A surprising finding was that the occurrence of benign prostatic hyperplasia (BPH), which accounts for 95.1% among sub-diseases classified as the disease of male genital organs, was two-fold lower in the SGLT group than in the non-SGLT2i group (2.4% in the SGLT2i group and 4.7% in the non-SGLT2i group, respectively, Table S3 in the supplementary material). Risk factors affecting the development of BPH include vascular damage, atherosclerosis, and dyslipidemia [26,27,28]. Notably, SGLT2i have been demonstrated to improve endothelial function and lipid profile, in turn reducing arterial stiffness and the risk of major adverse cardiovascular events [29, 30]. Thus, the lower occurrence of BPH in the SGLT2i group may be associated with the beneficial effects of SGLT2is on the risk factors for developing BPH.

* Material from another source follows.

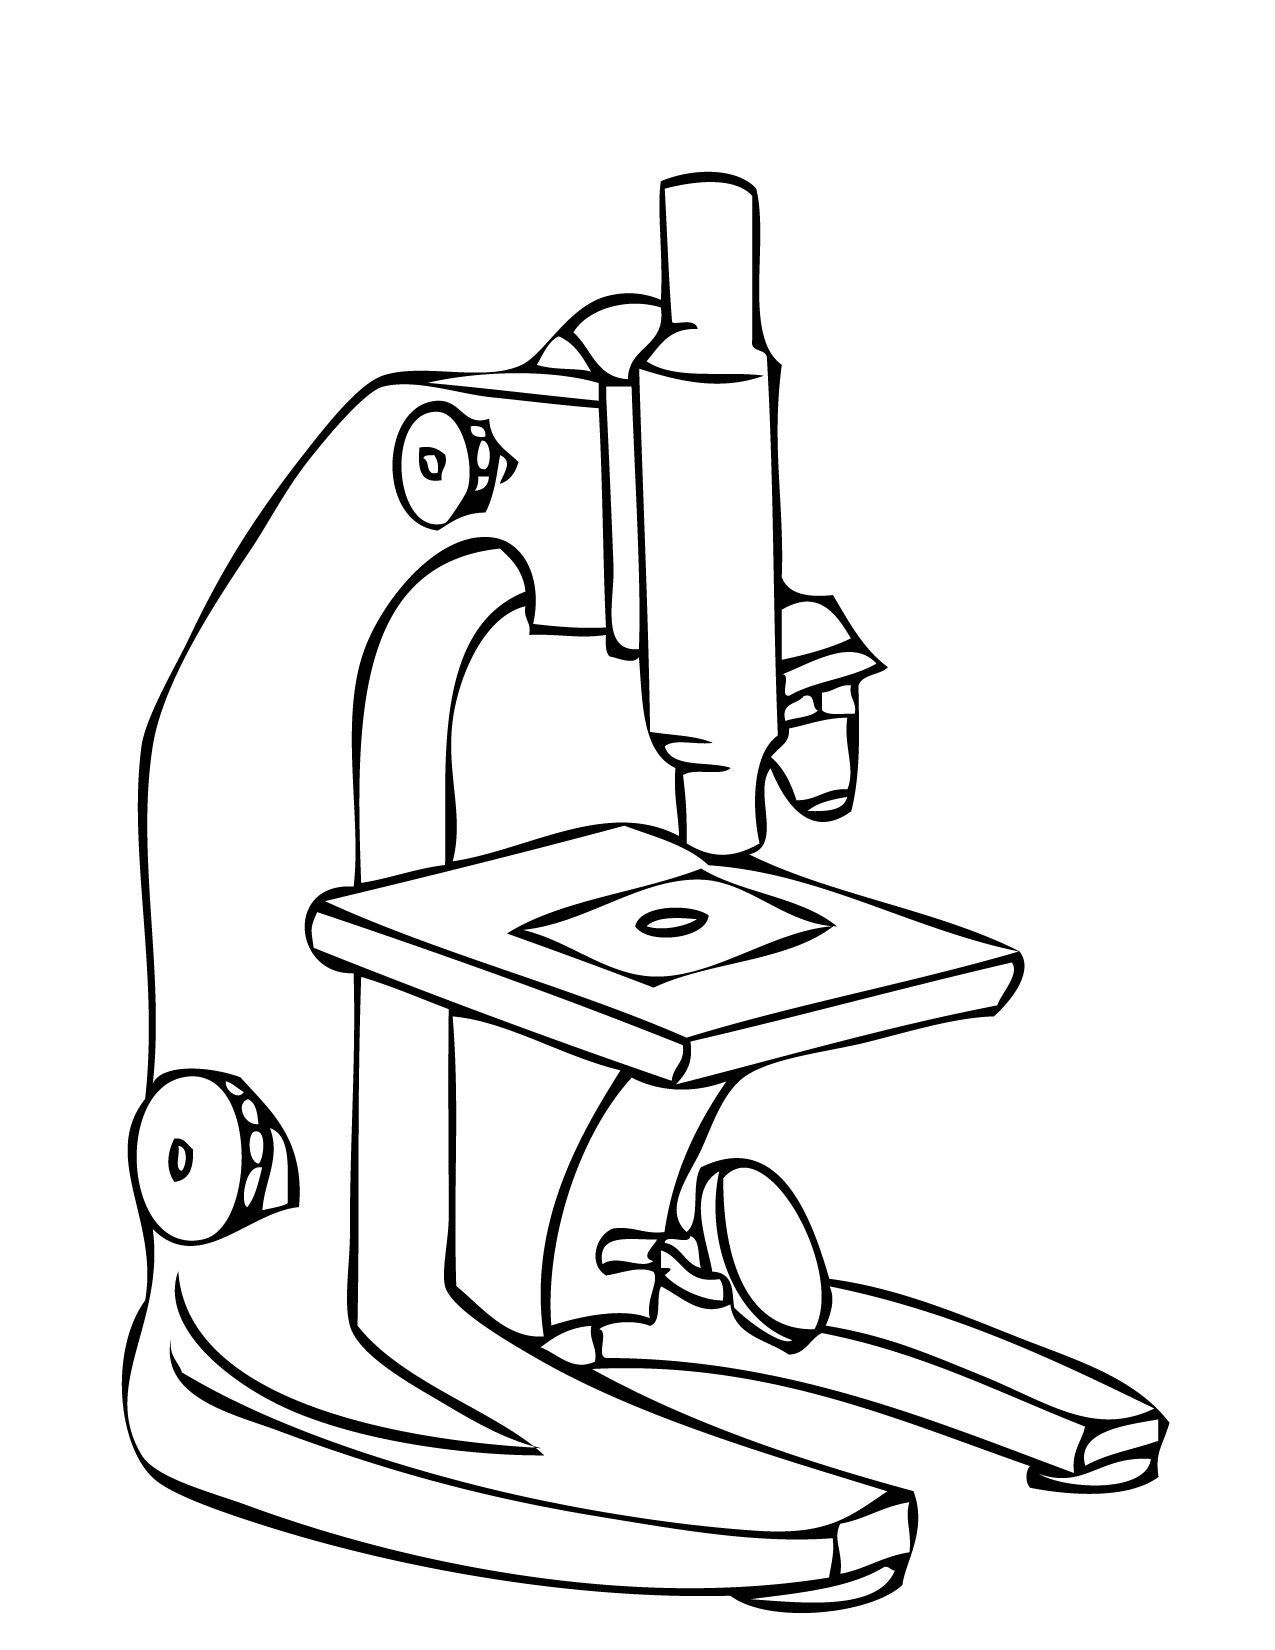 Microscope drawing free download clip art on

This study had several limitations. First, the duration of diabetes in patients was not considered because the first diagnosis date of patients was not identifiable particularly for those who were diagnosed with T2DM outside of the Seoul National University Hospital. A longer duration of diabetes may indicate higher disease severity and a greater risk of diabetes complications [31, 32]. To balance the severity of diabetes, we adjusted the baseline HbA1c between the two groups using propensity score matching. Second, although all baseline characteristics became comparable through propensity score matching, there was still a possibility that some covariates, particularly for those unmeasured, did not distribute equally between the SGLT2i and non-SGLT2i groups. This could have affected the association between a specific covariate and the change in HbA1c. To overcome this limitation, we adjusted for the covariates using multiple logistic regression analysis. Lastly, although this study analyzed large-scale data consisting of 1106 patients, it is limited in that it used data from a single institution. To validate and confirm the effectiveness and safety of additional combination therapy with SGLT2 inhibitors across diverse clinical settings, further multicenter studies are warranted.

Conclusion

Our study evaluated the additive effectiveness and safety of SGLT2i add-on treatment in patients treated with multiple OHM class combinations commonly prescribed in the real world. In conclusion, SGLT2i add-on treatment is an effective and safe therapeutic option for patients with T2DM in the real-world practice setting.